▸ **Recorded information**:
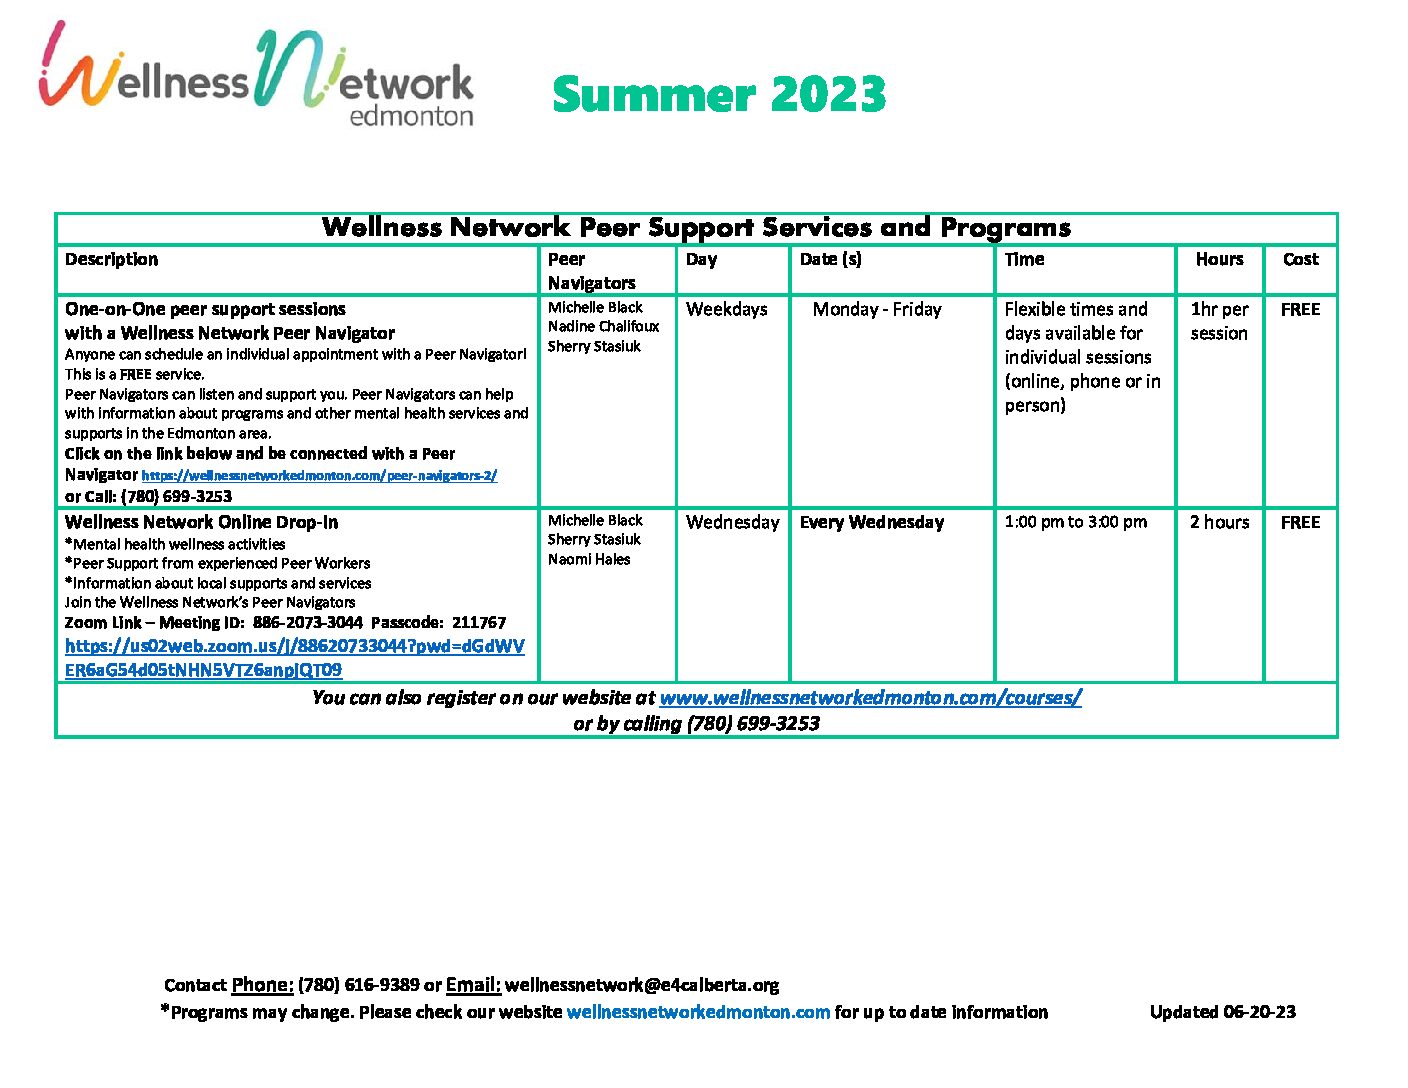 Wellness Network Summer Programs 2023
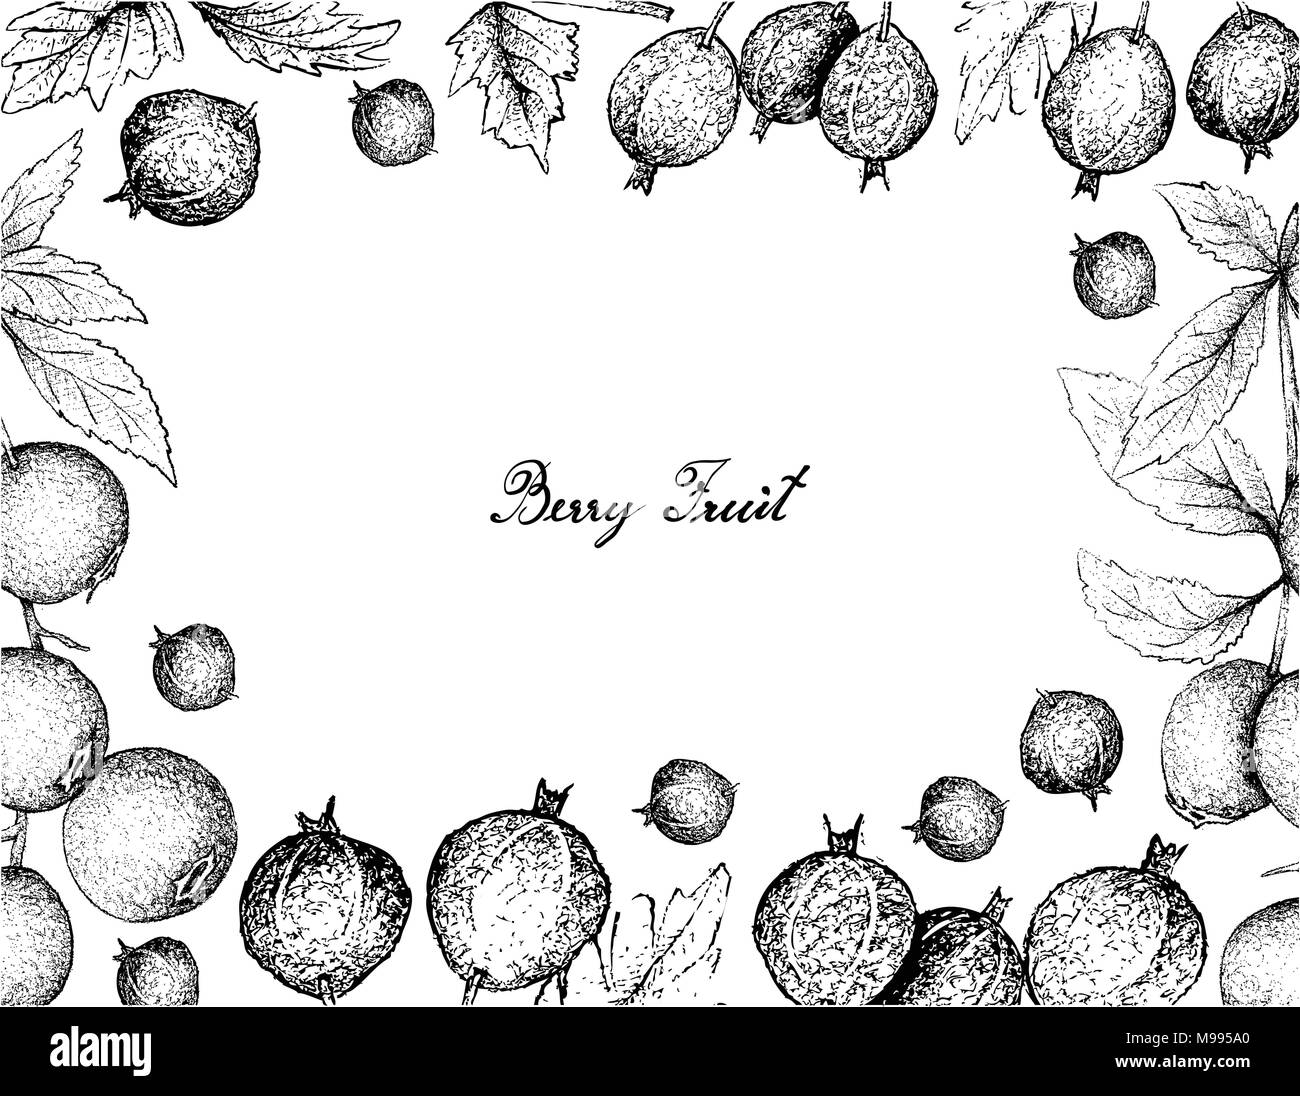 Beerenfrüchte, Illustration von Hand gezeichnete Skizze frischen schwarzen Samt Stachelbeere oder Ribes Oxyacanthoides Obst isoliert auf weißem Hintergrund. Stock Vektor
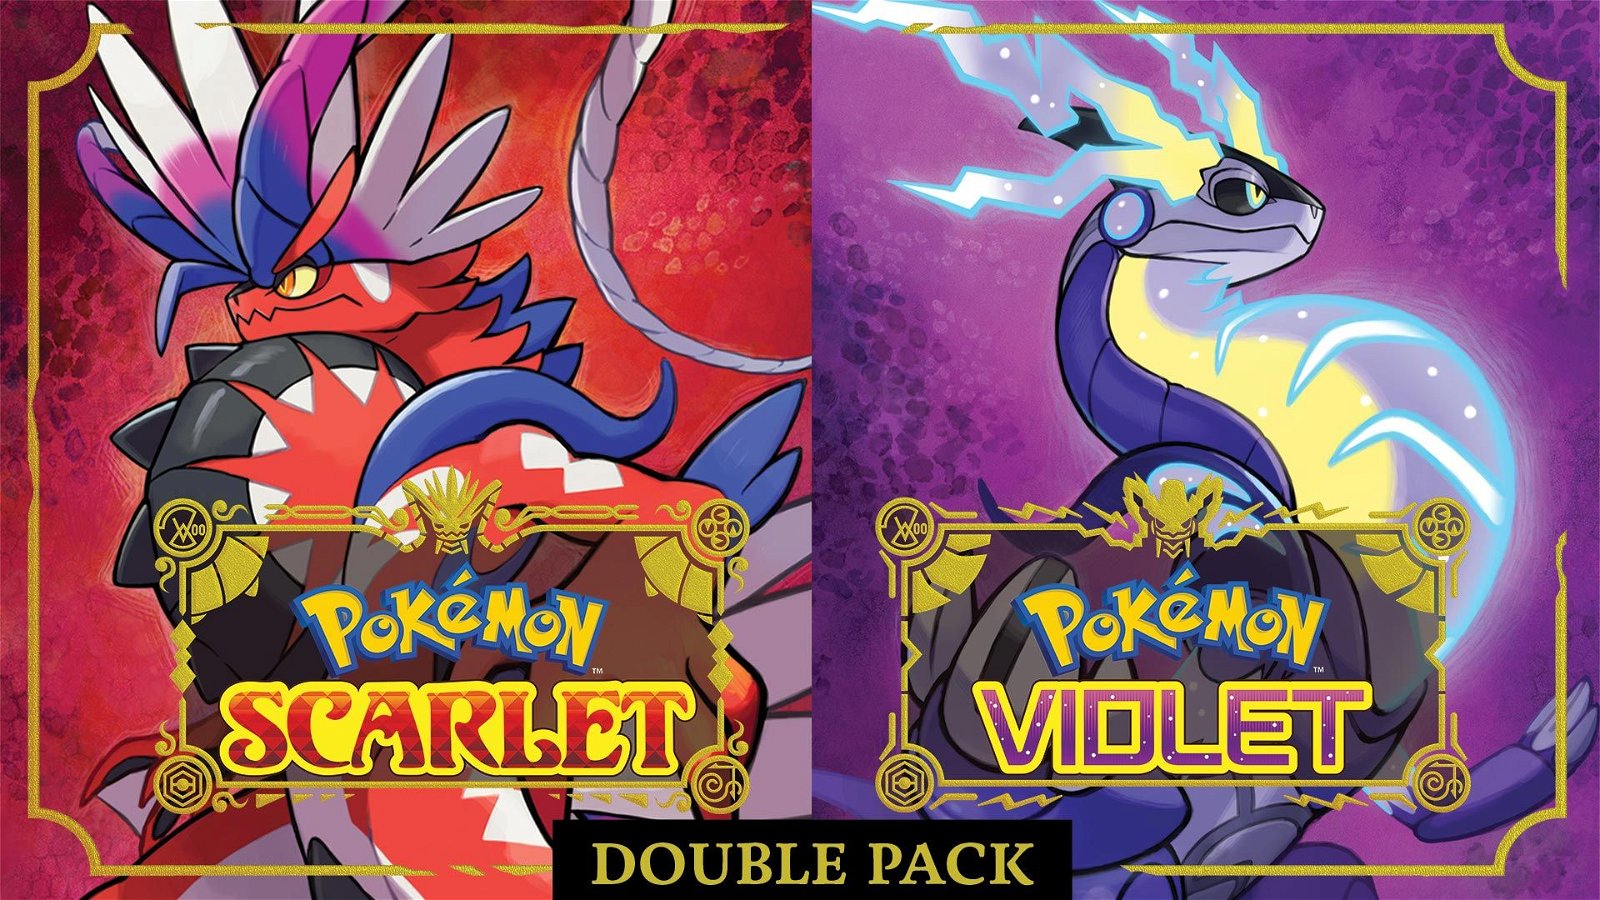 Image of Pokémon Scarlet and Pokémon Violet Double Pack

▸ **Work task**: Any picture in the listing above gets left out; output the rest exactly.

▸ **Exercise response**:
 Wellness Network Summer Programs 2023
 Beerenfrüchte, Illustration von Hand gezeichnete Skizze frischen schwarzen Samt Stachelbeere oder Ribes Oxyacanthoides Obst isoliert auf weißem Hintergrund. Stock Vektor
 Image of Pokémon Scarlet and Pokémon Violet Double Pack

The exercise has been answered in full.